Task :: All that is needed is an exact copy of the lines from the beginning of the data below through the line containing "El desfile del", minus the pictures.

Supplied data ::
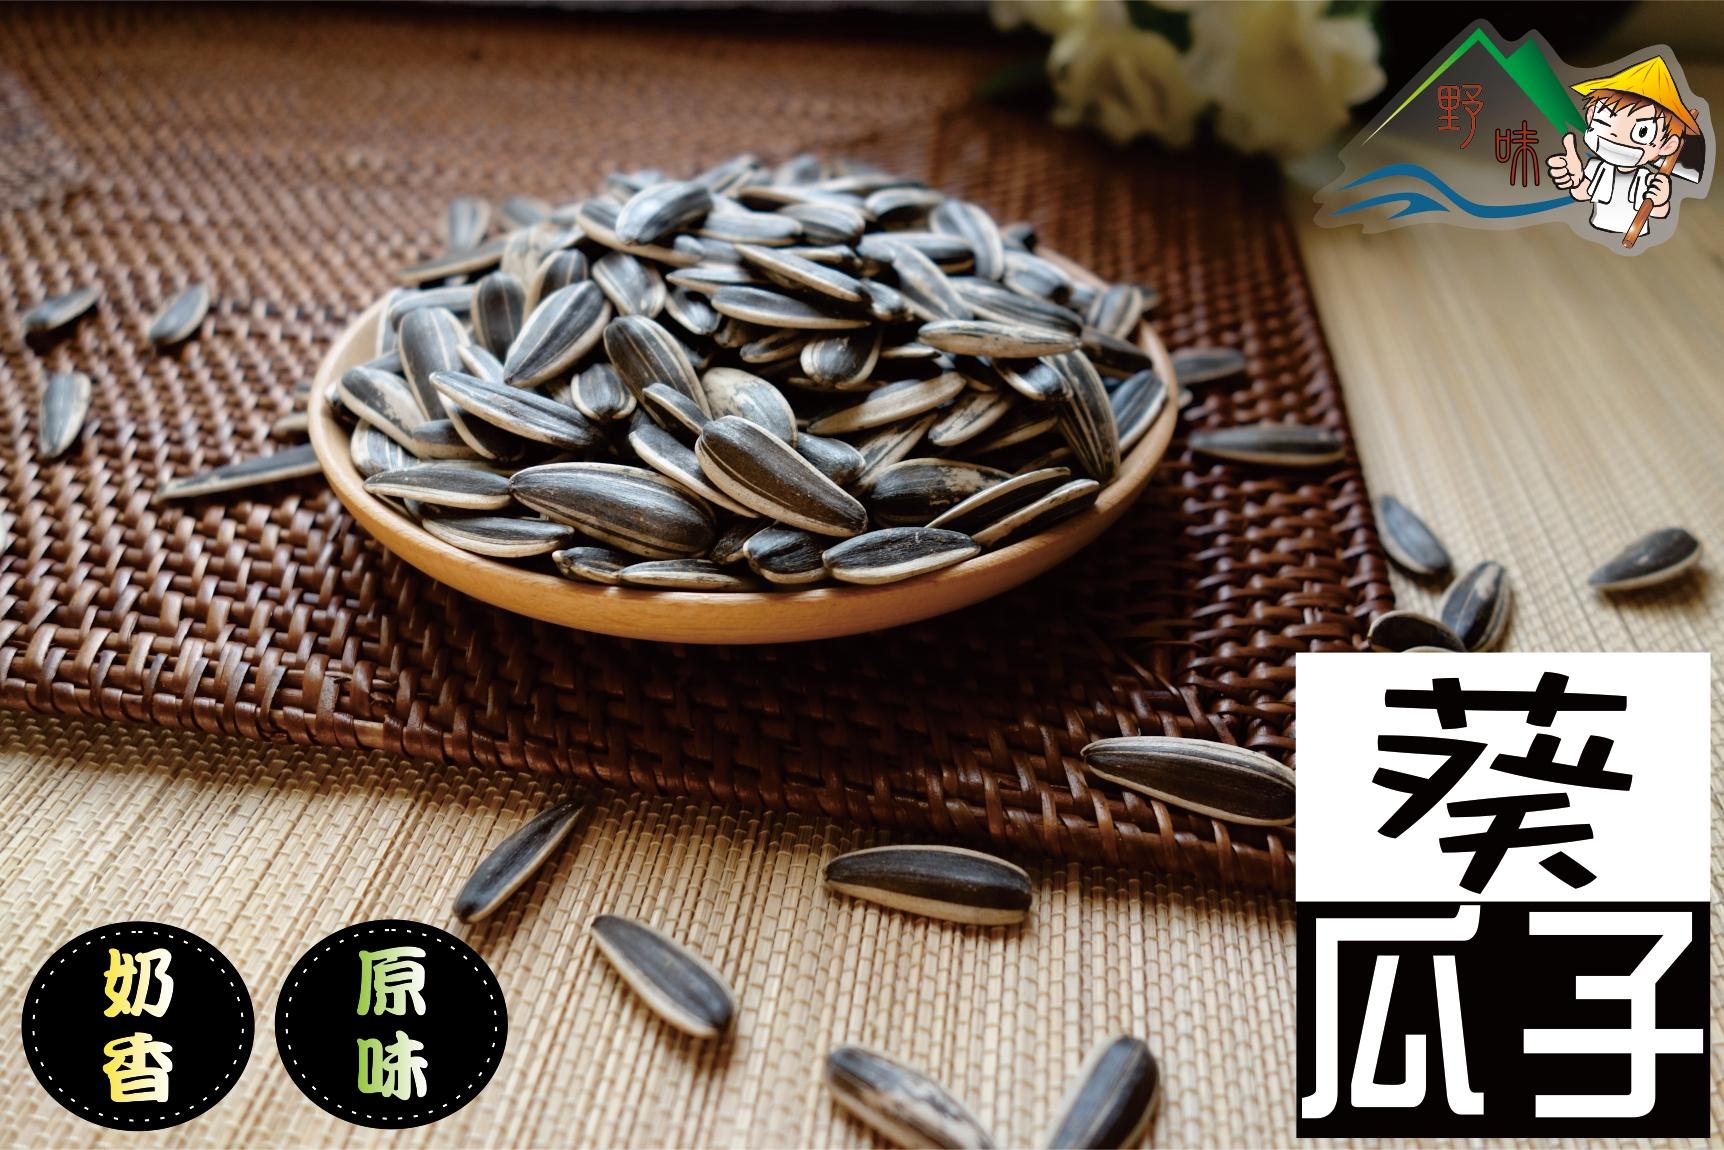 【野味食品】鄭美香 葵瓜子(原味、奶香兩種口味)125g/包,360g/包,,3000g/包
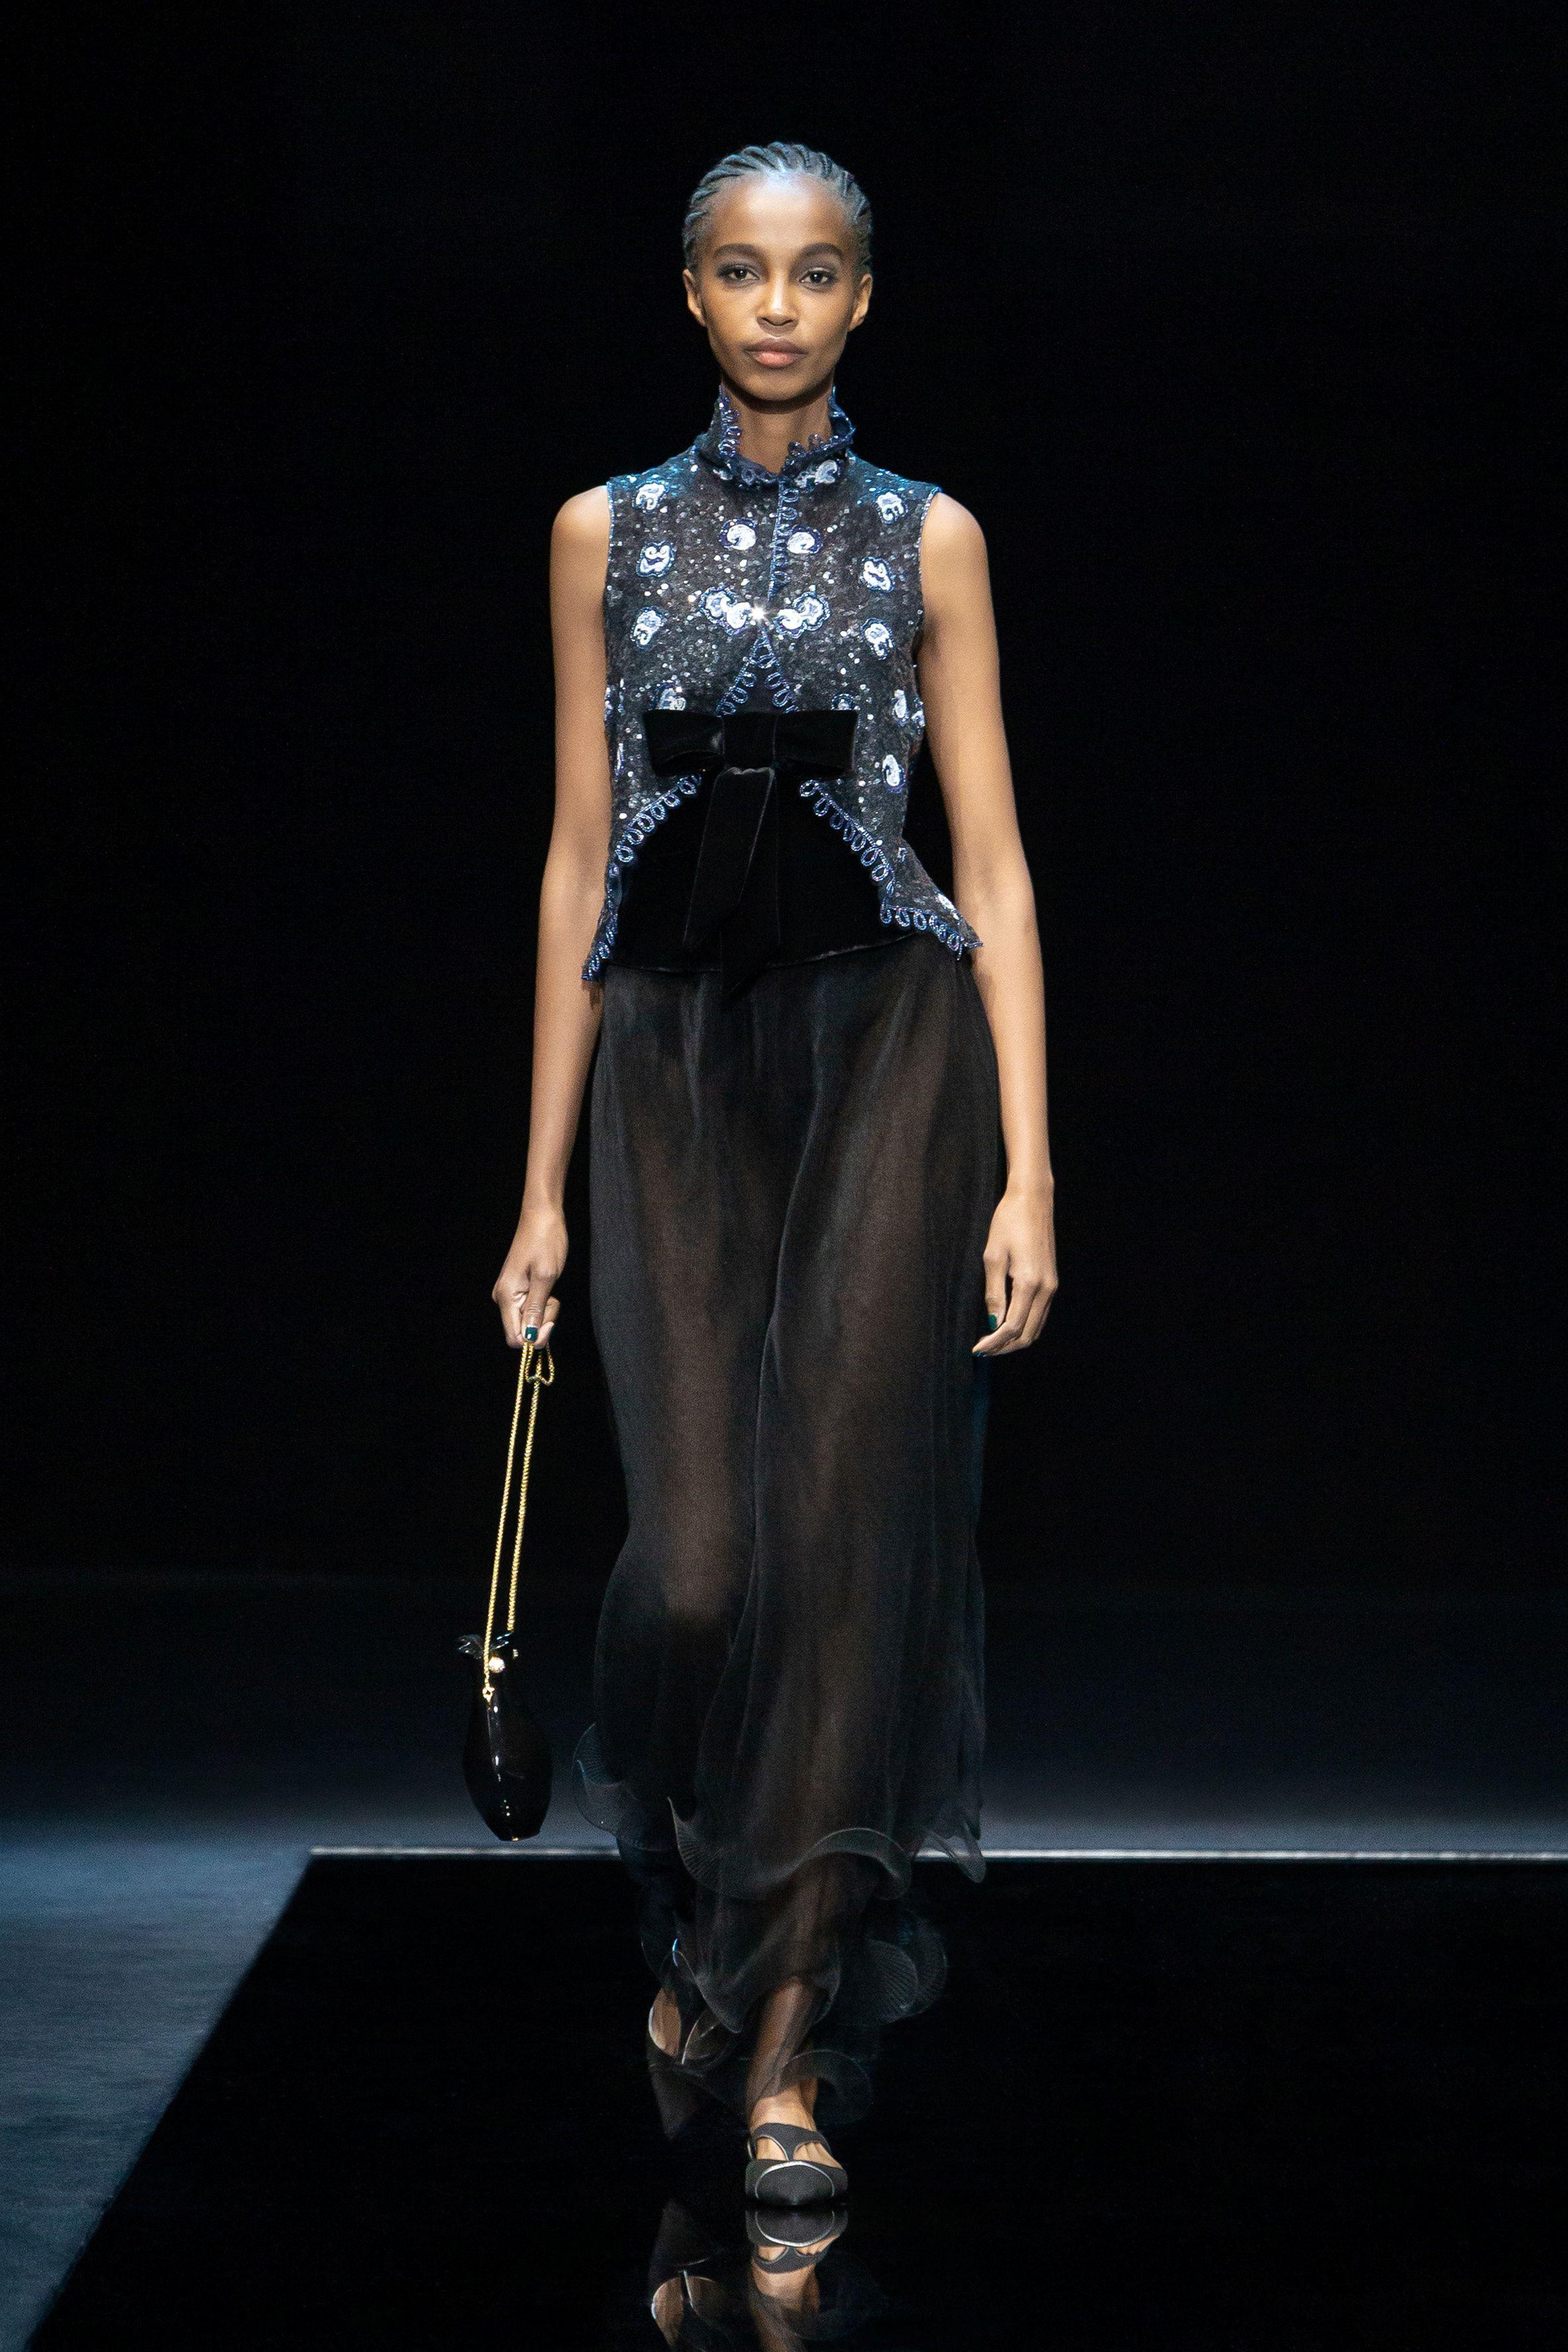 El desfile del diseñador italiano Giorgio Armani ha sido el protagonista de la Semana de la Moda de Milán, con una colección de noche para el día. con el terciopelo negro y el raso brillante en azules suaves como texturas destacadas y estampados geométricos
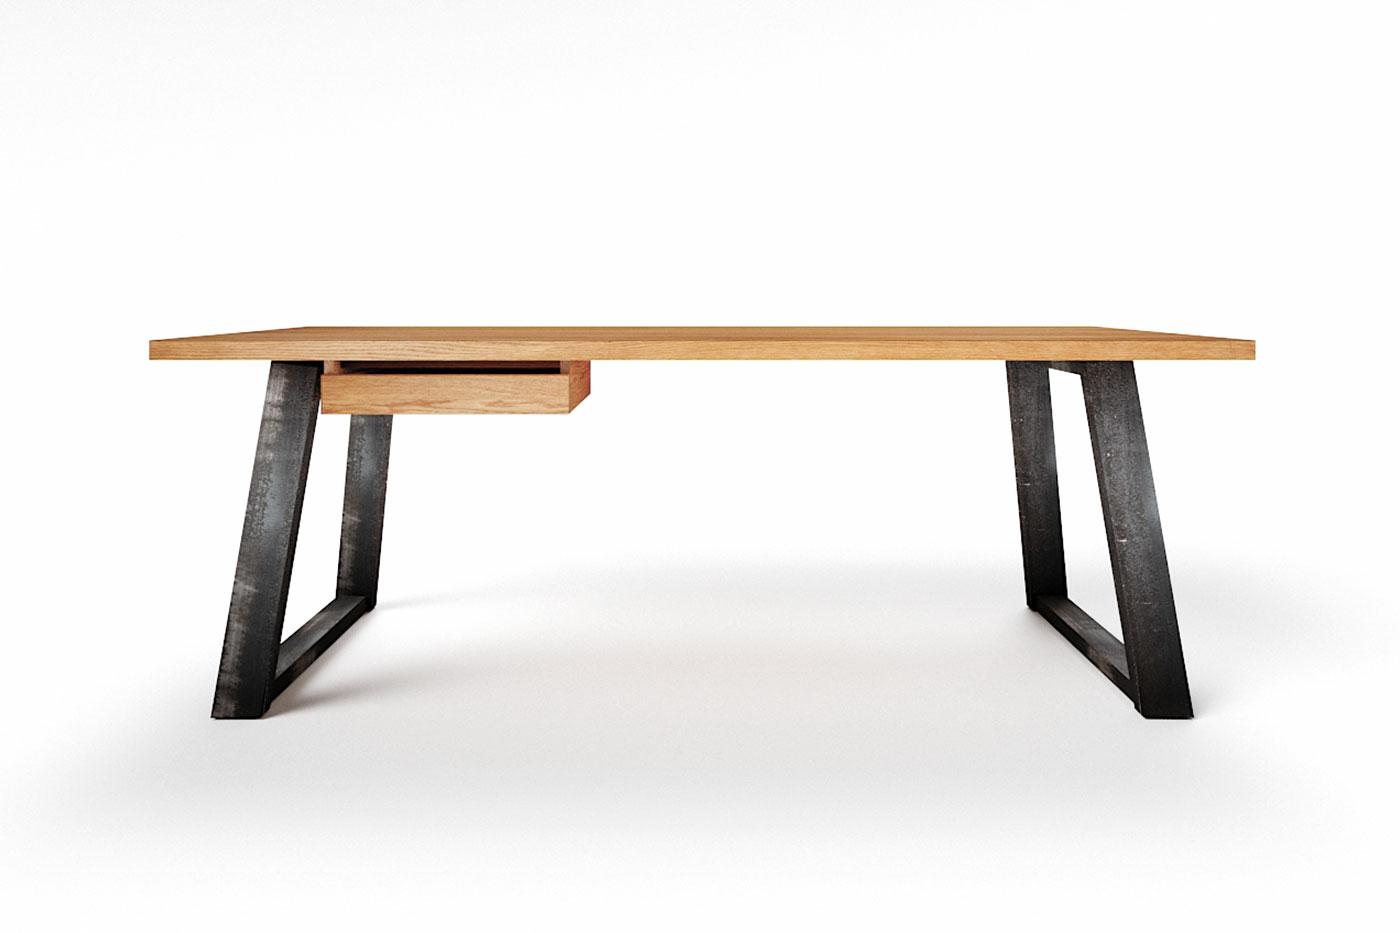 Schreibtisch Eiche mit Tischkufen aus Stahl Larvik astfrei
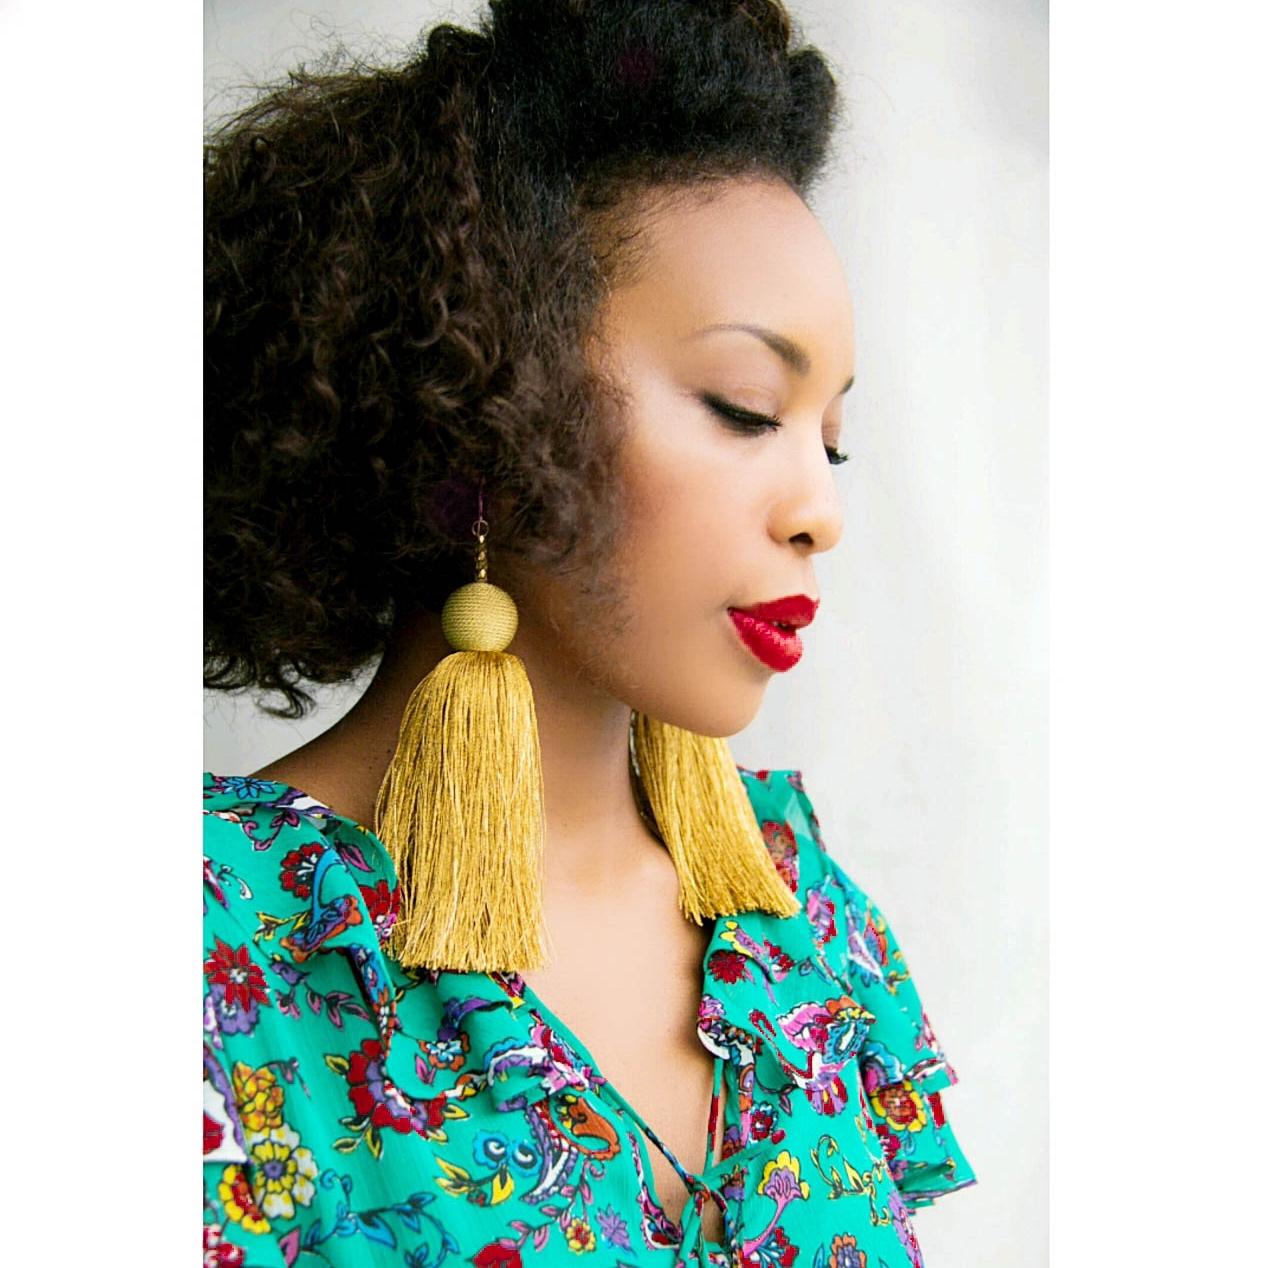 LaToya feels strongest when she is wearing statement earrings and lipstick

Task result ::
 【野味食品】鄭美香 葵瓜子(原味、奶香兩種口味)125g/包,360g/包,,3000g/包
 El desfile del diseñador italiano Giorgio Armani ha sido el protagonista de la Semana de la Moda de Milán, con una colección de noche para el día. con el terciopelo negro y el raso brillante en azules suaves como texturas destacadas y estampados geométricos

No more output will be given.